> Additionally, while this wasn’t an issue for GPT, the Llama chat models would often output hundreds of miscellaneous tokens that were unnecessary for the task, further slowing down their inference time (e.g. “Sure! Happy to help…”).
That's the problem I've been facing with Llama 2 as well. It's almost impossible to have it just output the desired text. It will always add something before and after its response. Does anyone know if there's any prompt technique to fix this problem?
It's not useful for code, but you can see the difference of approach with NovelAI's homegrown Kayra model, which is set up to handle a mix of text completion and instruct functionality. It never includes extraneous prefix/suffix text and will smoothly follow instructions embedded in text without interrupting the text.
I wonder if LLMs will have less reasoning power if they simply return the output. AFAIK, they think by writing their thoughts. So forcing an LLM to just return the goddamn code might limit its reasoning skills, leading to poor code. Is that true?
Potentially it could have an impact if it omits a high level description before writing the code, although obviously things like "Sure! Happy to help" do not help.
In practice I haven't seen it make too much of a difference with GPT. The model can still use comments to express itself.
For non coding tasks, adding "Think step by step" makes a huge difference (versus YOLOing a single word reply).
> although obviously things like "Sure! Happy to help" do not help.
Yes you're right. I'm mostly concerned with the text that actually "computes" something before the actual code begins. Niceties like "sure! happy to help" don't compute anything.
CoT indeed works. Now I've seem people take it to the extreme by having tree of thoughts, forest of thoughts, etc. but I'm not sure how much "reasoning" we can extract from a model that is obviously limited in terms of knowledge and intelligence. CoT already gets us to 80% of the way. With some tweaks it can get even better.
I've also seen simulation methods where GPT "agents" talk to each other to form better ideas about a subject. But then again, it's like trying to achieve perpetual motion in physics. One can't get more intelligence from a system than one puts in the system.
> But then again, it's like trying to achieve perpetual motion in physics. One can't get more intelligence from a system than one puts in the system.
Not necessarily the same thing, as you're still putting in more processing power/checking more possible paths. Its kinda like simulated annealing, sure the system is dumb, but as long as checking if you have a correct answer is cheap, it still narrows down the search space a lot.
Yeah I get that. We assume there's X amount of intelligence in the LLM and try different paths to tap on that potential. The more paths are simulated, the closer we get to the LLM's intelligence asymptote. But then that's it—we can't go any further.
You can also just parse the text for all valid code blocks and combine them. I have a script which automatically check the clipboard for this
There's no reason to handle the LLM side of things, unless you want to try and optimize the amount of tokens which are code vs comments vs explanations and such. (Though you could also just start a new context window with only your code or such)
The model card also has prompt formats for context aware document Q/A and multi-CoT, using those correctly improves performance at such tasks significantly.
Llama-2-chat models have been overly fine-tuned to be like this. You can give a few-shot prompting a try, but they still don't gurantee a desired output. The best way to guarantee is to fine-tune on small (~1k) data points and go from there.
It depends on what your goal is, but I've had success reproducing specific output formatting by fine-tuning the base LLaMA2 models instead of the RLHF'd models. My use cases were simpler - information extraction/synthesis from text rather than creative writing. The base models might not be good fits for your task.

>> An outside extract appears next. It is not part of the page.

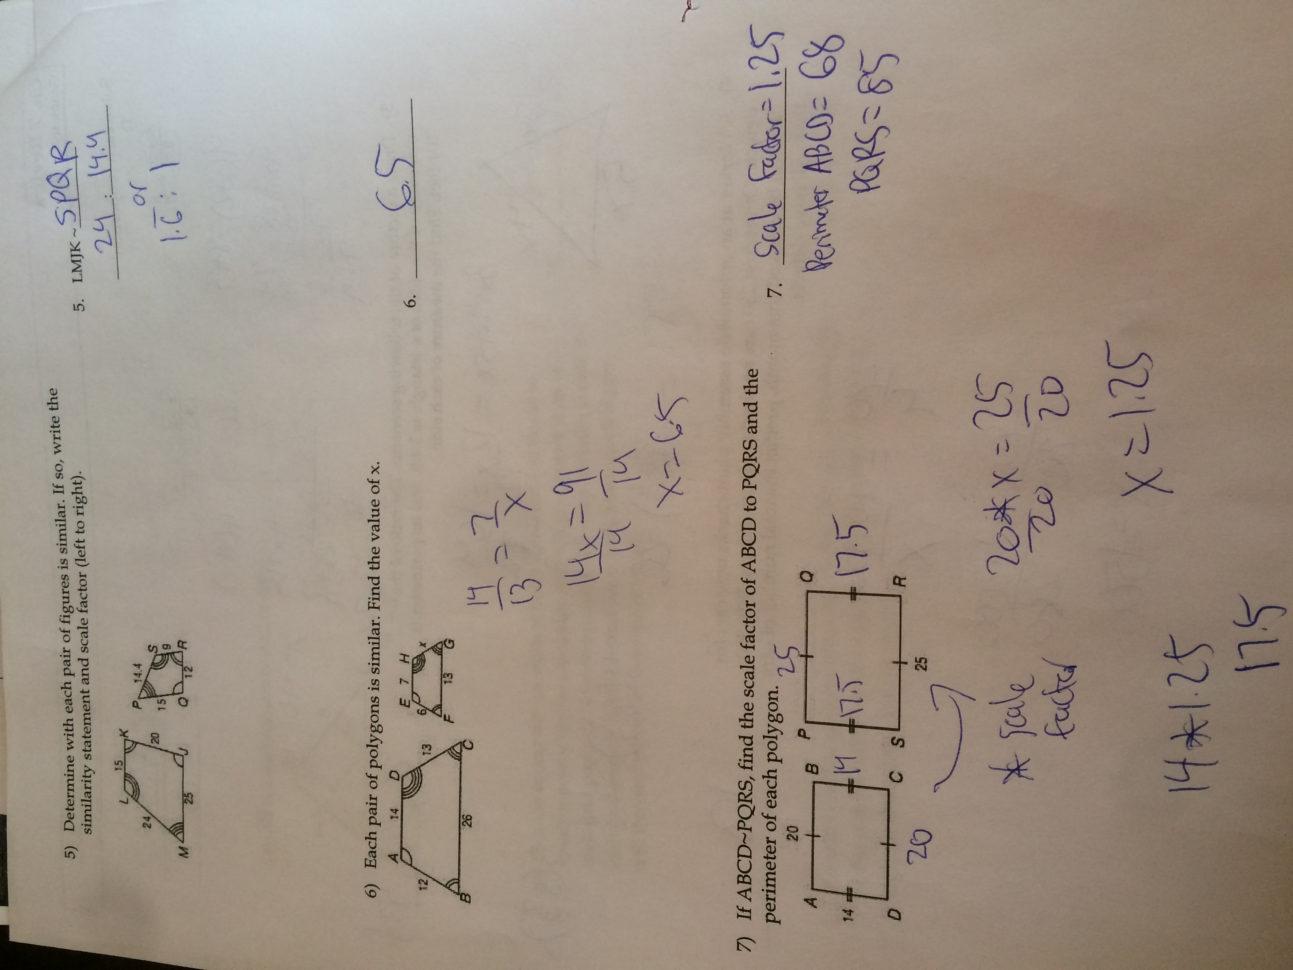 Worksheet 1 2 Measuring Segments Day 1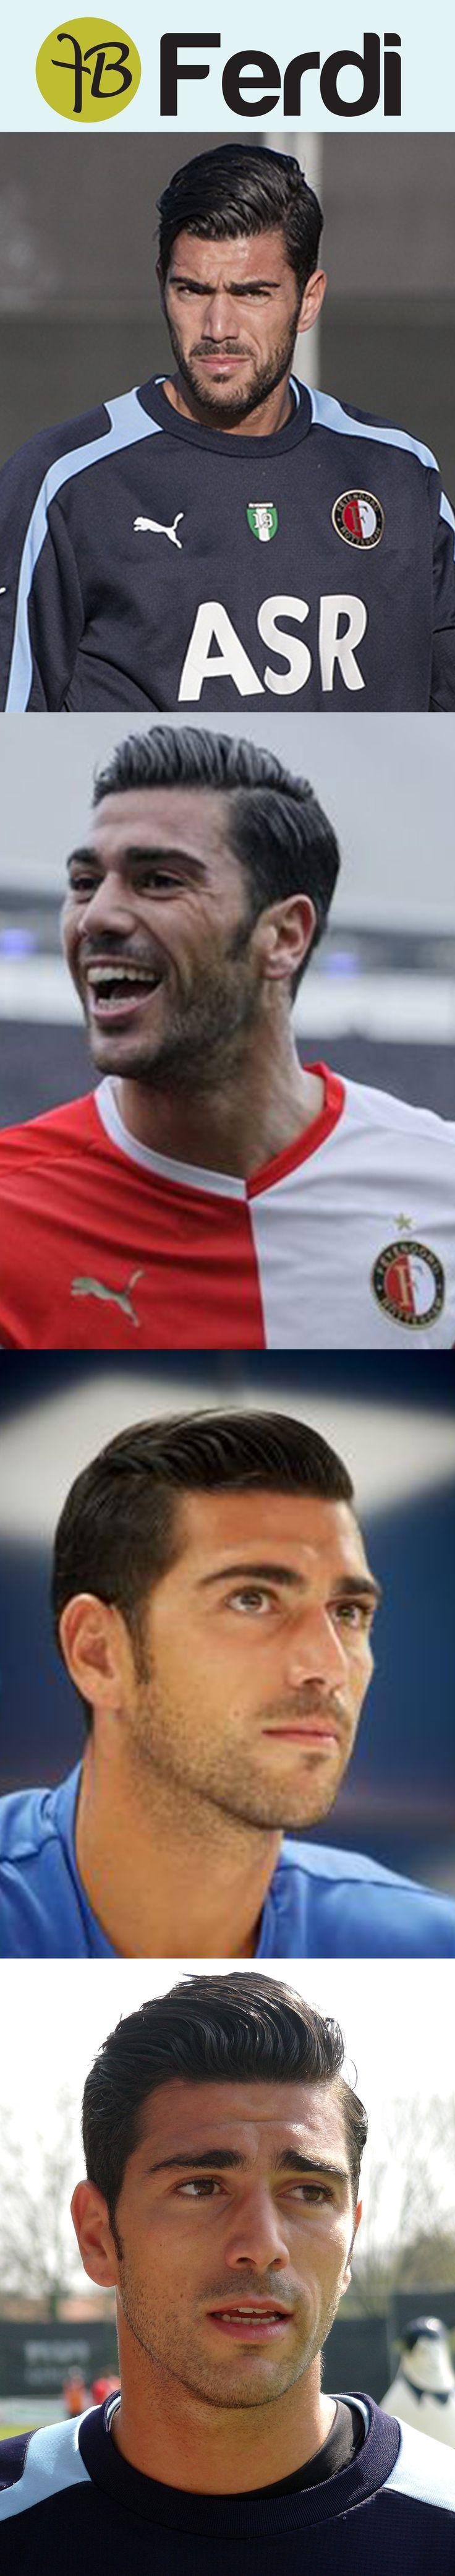 Een strakke zijscheiding en een korte coupe. Feyenoordspeler Graziano Pellè zorgt met zijn hippe kapsel voor een echte haartrend. Steeds meer jongens nemen het Pellè-kapsel. Het kapsel van Pellè is zo populair dat veel jongens speciaal naar zijn kapper in Rotterdam gaan.

Prompt the model to always output answers / code within ```content``` strings or json. If it's json, then you can identify where it starts and ends. Strip everything outside the json.
That's the problem I've been facing with Llama 2 as well. It's almost impossible to have it just output the desired text. It will always add something before and after its response. Does anyone know if there's any prompt technique to fix this problem?